また、あぶくま荘(三春町字六升蒔)の近くに「月斎館散策路」があり、その名が残されている人物です。
ここでは、月斎に関する二つの疑問を紹介しましょう。
「伊達治家記録」という史料には、「月斎ハ田村殿ノ家ノ臣田村宮内顕頼入道ナリ」と記しています。
つまり、月斎とは号であり、実名は田村顕頼といったのです。
しかし、田村家の系図には実名「頼顕」とされ、その実名ですら不確かだったことが分かります。
月斎の実名が「顕頼」なのか「頼顕」なのかは、現在のところ明確にはできません。
しかし、田村家の「通字」である「顕」の字に注目すると、おそらく「顕頼」が正しいだろうと考えられます。

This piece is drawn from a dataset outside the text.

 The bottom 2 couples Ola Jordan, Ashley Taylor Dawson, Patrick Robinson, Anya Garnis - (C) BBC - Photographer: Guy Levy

「通字」とは、その家の人物であることを示すため、名前の一字を代々にわたり使用することを言い、田村家の場合は「顕」の字が通字でした。
そして、通字は、本家の当主が下に付ける場合に(義顕・清顕等)、分家は上に付けることが多いので、「顕頼」が正しいだろうと推測されるのです。
このように、月斎は実の名前すら不確かな人物ですが、その出生にも不確かな点があるのです。
月斎は、戦国大名田村家初代義顕の弟とされています。
そして、二人の父は田村盛顕という人物ですが、田村家菩提寺福聚寺の記録によれば、盛顕の没年は長亨元(1487)年3月20日とされているのです。

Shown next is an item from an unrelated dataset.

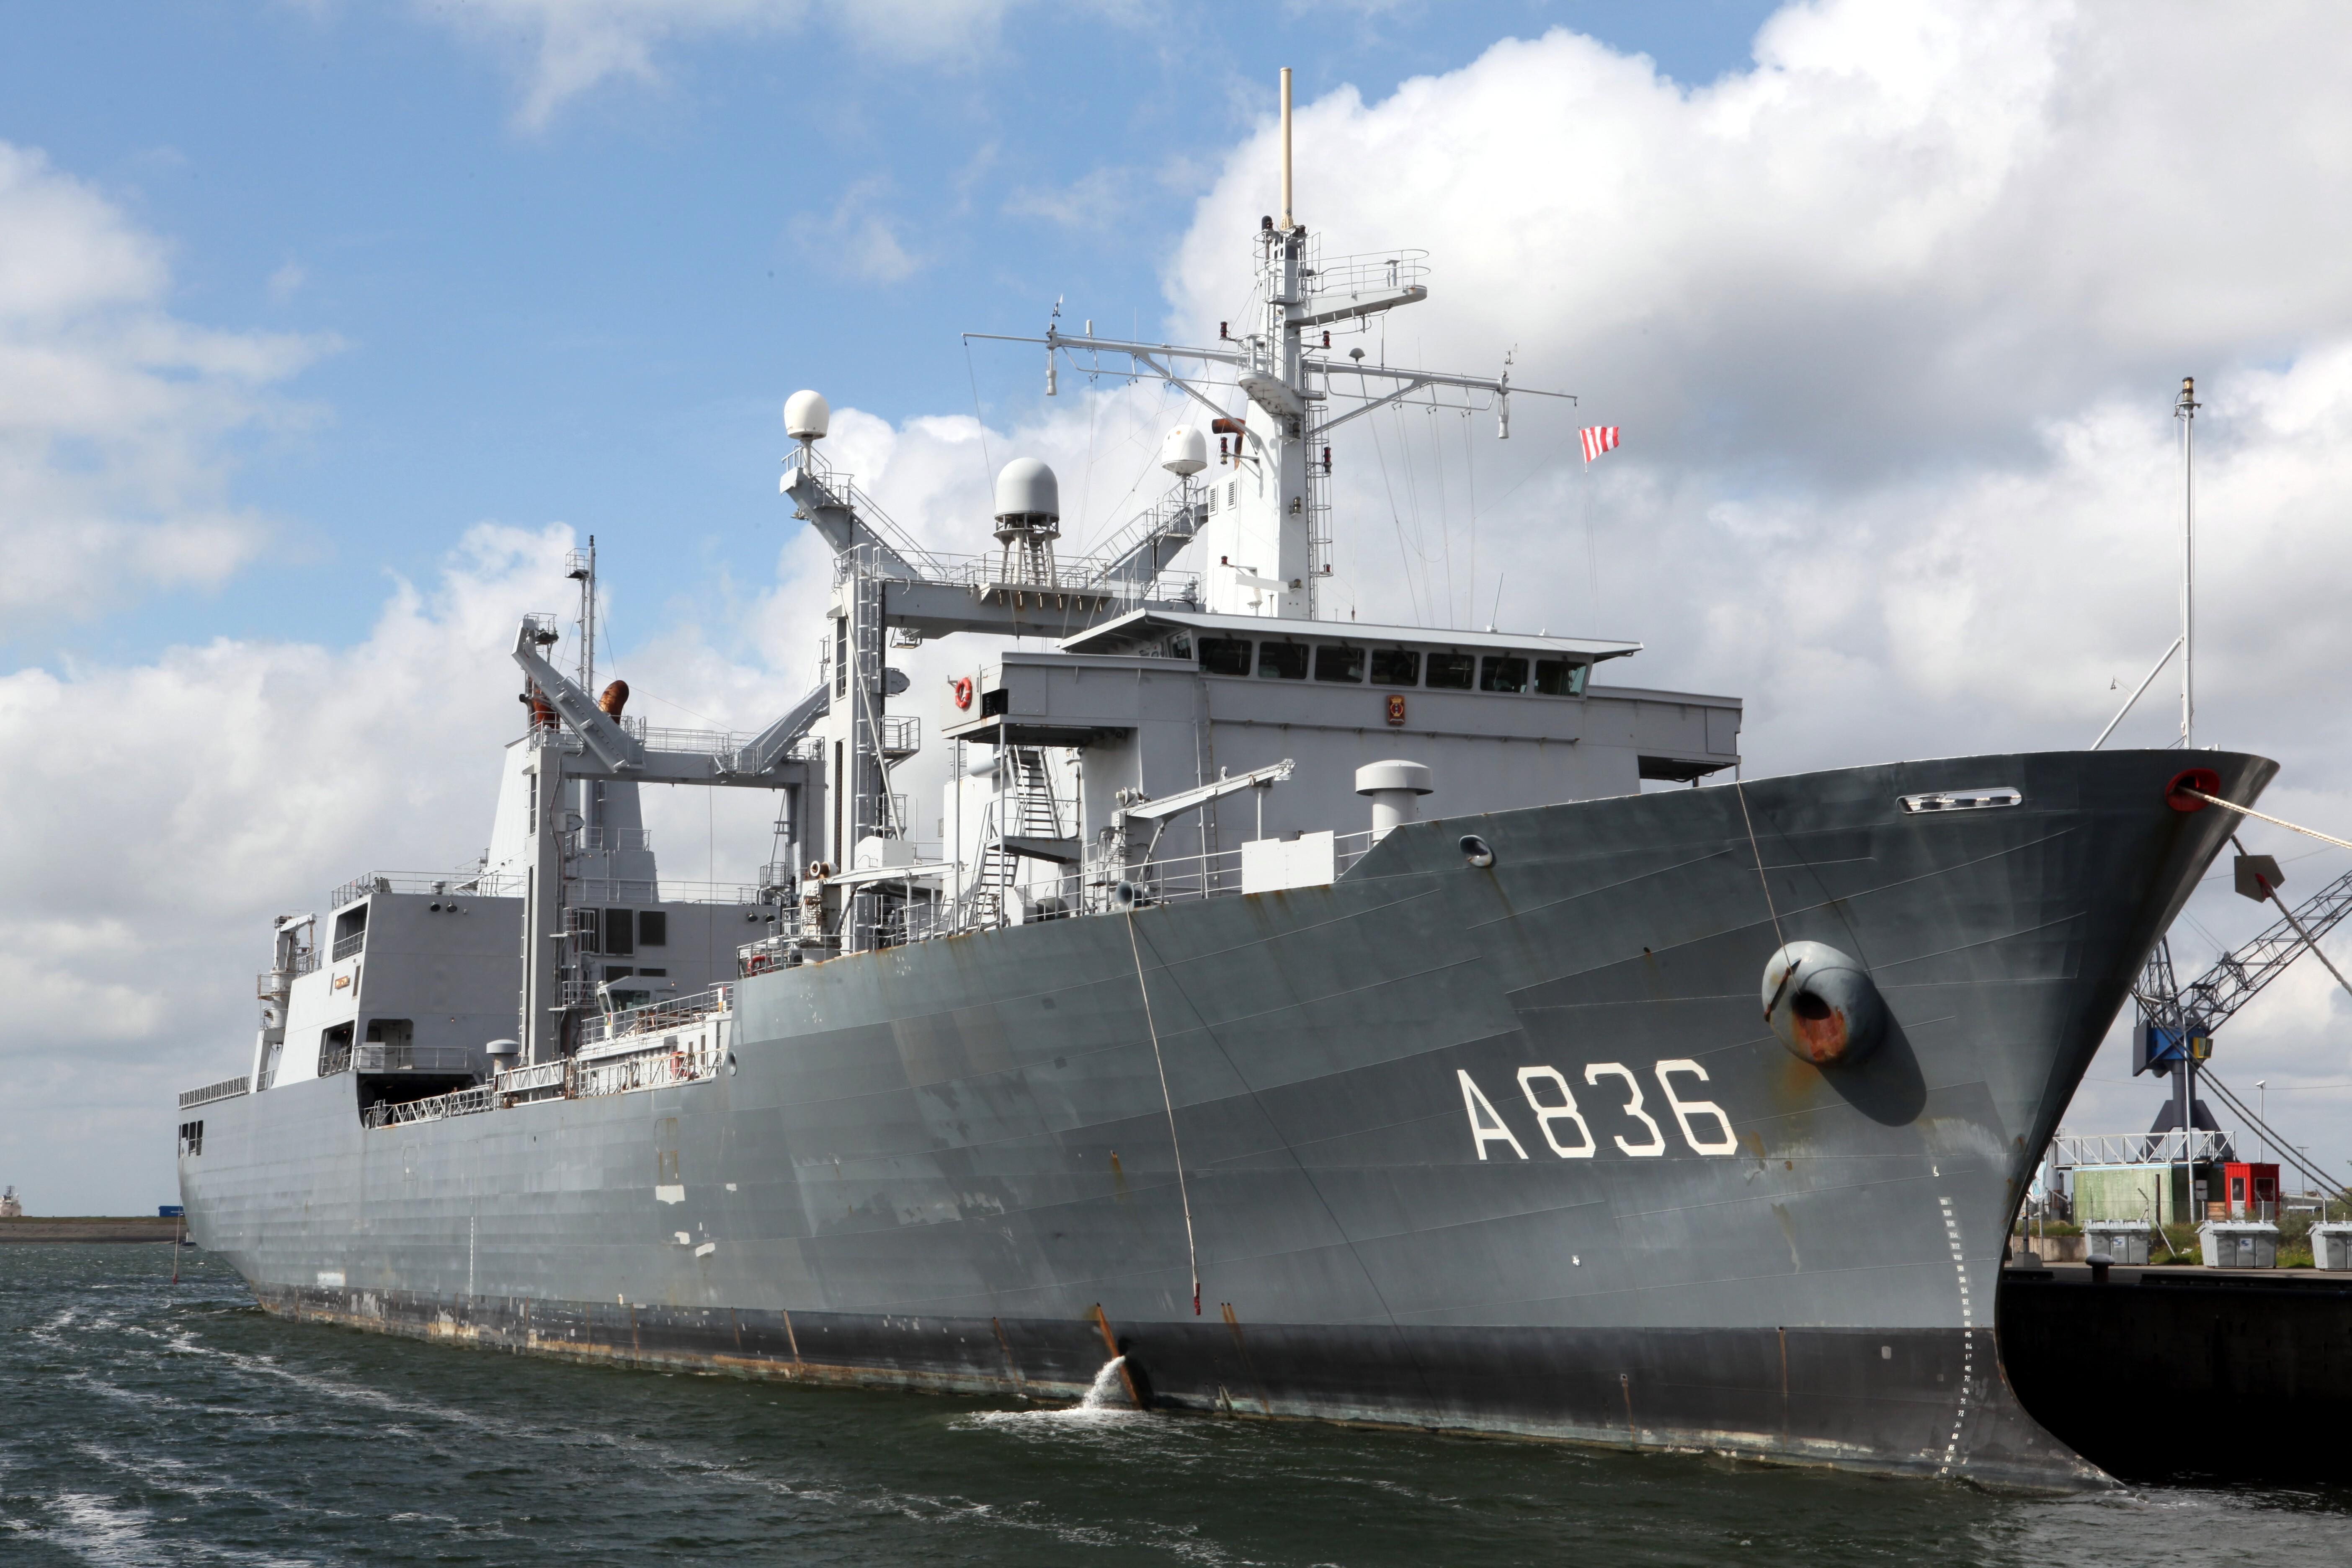 File:HNLMS Amsterdam A 836 (1).jpg

父盛顕の没年前後(出産前に盛顕が亡くなる可能性もあります)に月斎が誕生したとすれば、三代清顕の補佐をし、清顕の死後も田村家を見守り、天正17(1589)年、伊達政宗の須賀川攻めにも従軍した月斎は、当時100歳を超える年齢に達していたことになるのです。

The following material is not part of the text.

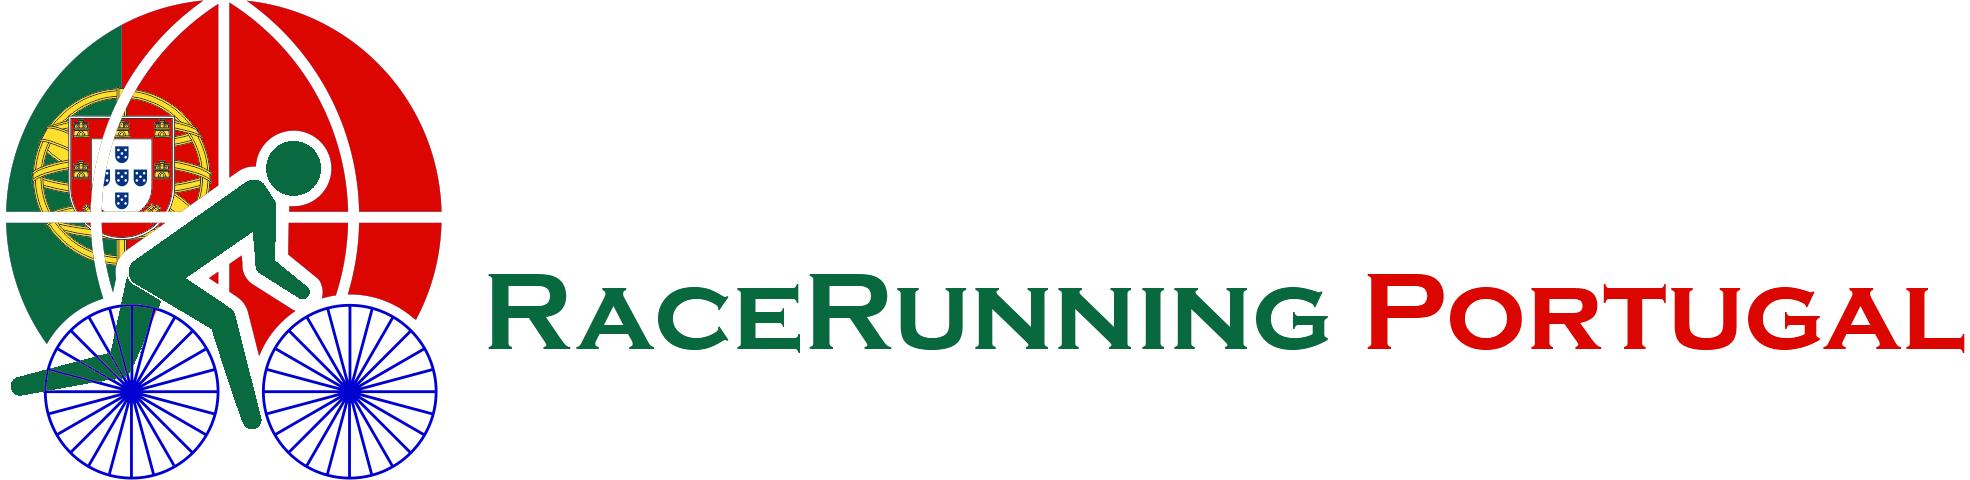 raceruning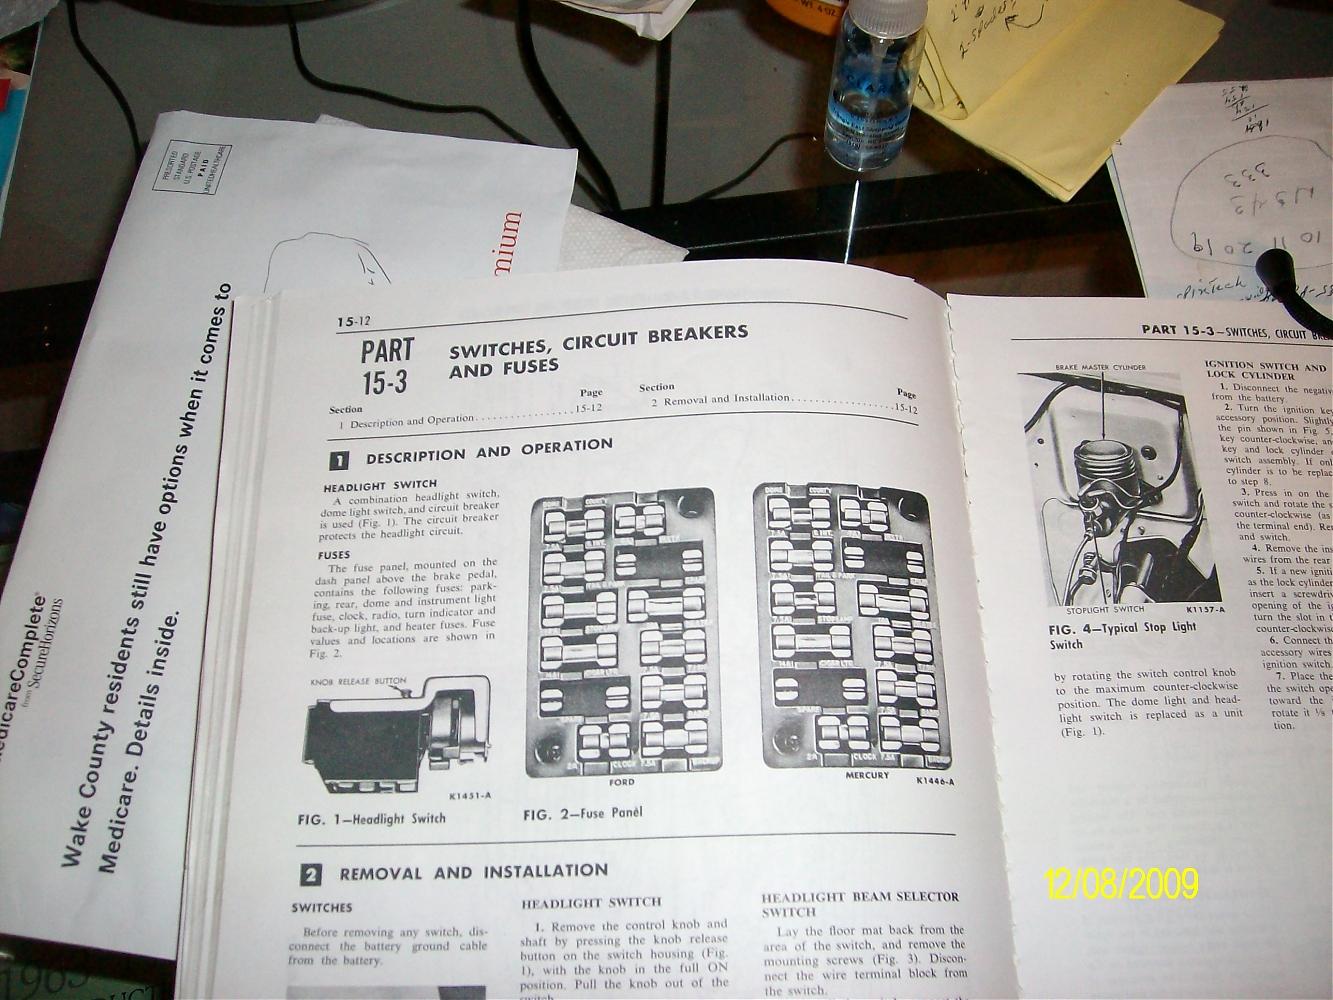 2004 mustang fuse box layout

現在では、100歳を超えて元気に活躍する方がたくさんいらっしゃいます。
しかし、医療技術や健康管理に対する考え方が未熟だった戦国時代、100歳を超えてなお戦場に立つ武将が本当にいたのでしょうか。
疑問無しとはいきません。
このように戦国時代の老武将田村月斎は、基本的な事柄すら不確かな人物なのです。